Kathie Thomas, Owner at

Thanks for asking. Generally VAs are people who have worked in office based roles in the corporate world, or other businesses. It's important that they have a minimum 3-5 years' working experience so that they're in a position to make decisions, deal with clients, and offer the best options when asked by clients.

VAs should have good keyboarding skills and know the software well, that they wish to provide services in. There is a huge range of services that VAs provide these days - doesn't look like I can add an image here, otherwise I'd share a pie chart showing the range of services but it can include administration, secretarial services, telephone/reception services, social media support, broadcast emails, spreadsheets, database management, website management and a huge number of other things.

It's important for people to know and understand that VAs here in Australia are self-employed - they're not employees. As a result, they work with several clients, rather than just one. The ATO would deem them an employee if they were getting the bulk of their income from the one client source, so there's that to think about too. So important that anyone considering becoming a VA starts with that thought in mind, as well as the things below.
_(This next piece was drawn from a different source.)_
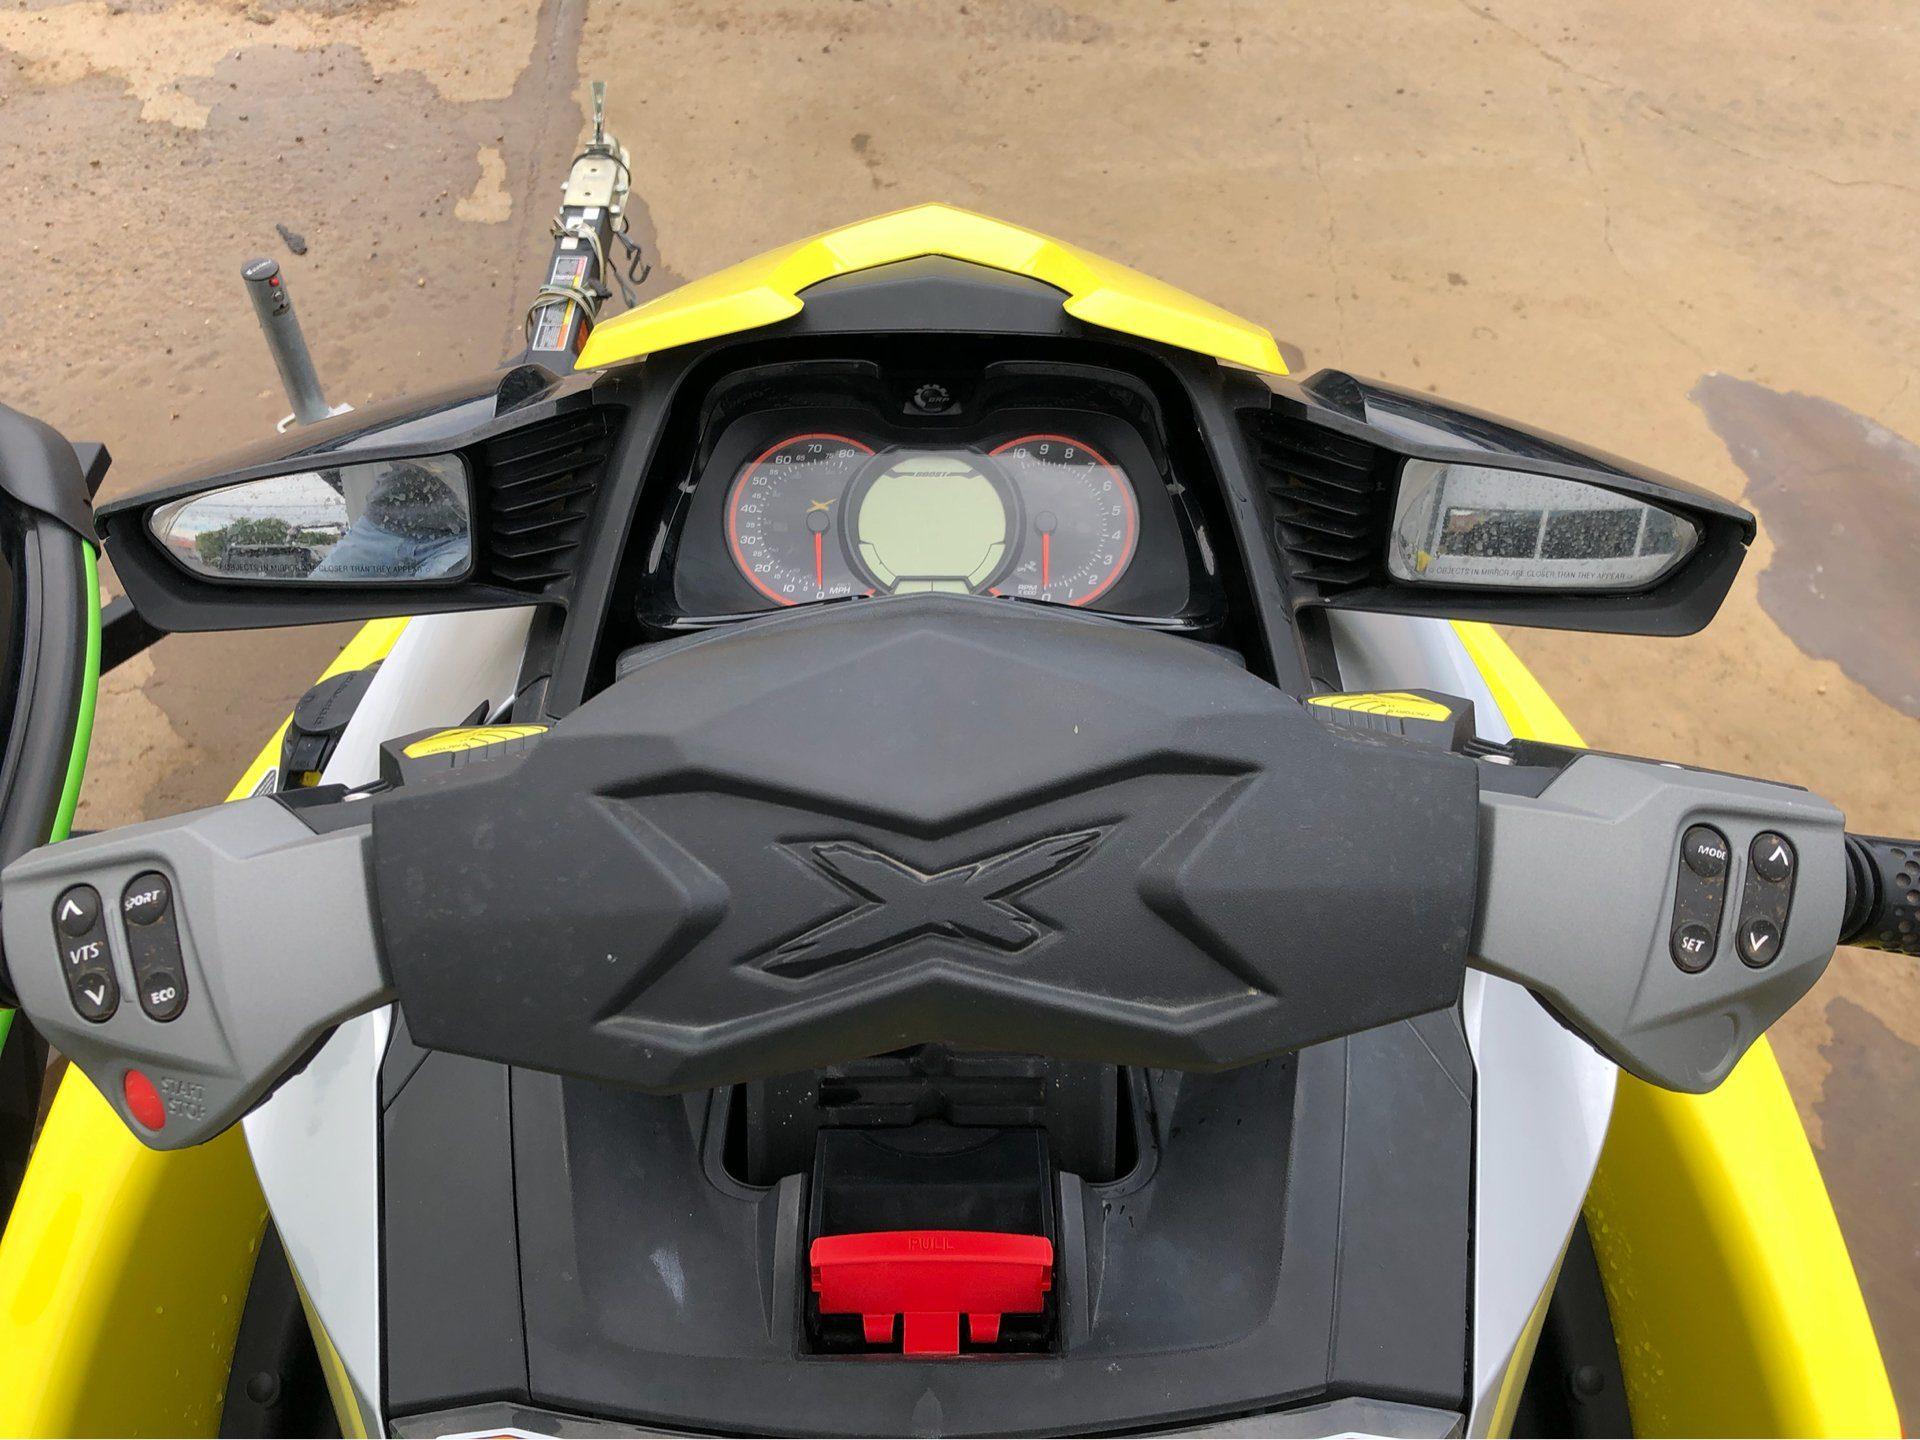 2015 Sea-Doo RXT®-X® 260 in Amarillo, Texas

I know that offshore VAs charge less $$ per hour than we do, but you need to think about these things:

  • Offshore VAs often only work with one client, and do this through an agency. Consequently they offer 60-100 hours a month to that one business. clients need to think about if they have enough work to outsource to fill those hours.
  • Offshore VAs generally have a lower cost of living (I'm talking mostly about the Asian countries). UK VAs have a higher cost as do some other countries.
  • Australian based VAs need to charge to cover their overheads - just as clients do in their own business. So VAs charge accordingly.
  • Australian based VAs understand our geography better and also the Australian culture so less misunderstanding
  • The client's IP is important and they need to keep it safe - Australian VAs are covered by Australian law
  • As with the client database - it stays here in our country and for the majority of businesses, their database is their bread and butter.
I tend to give my VAs (through my network) a document that gives them guidelines for setting up and a formula to work on, to help them work out their base hourly rate and go from there. But basically they need to think about what they want to earn per annum (what you were earning in your job is a good start), then think about how many hours a week you want to work, allowing for time off, holiday leave, sick leave, etc and then go from there. It also depends on what state the VA lives in as some states have a higher cost of living than other states.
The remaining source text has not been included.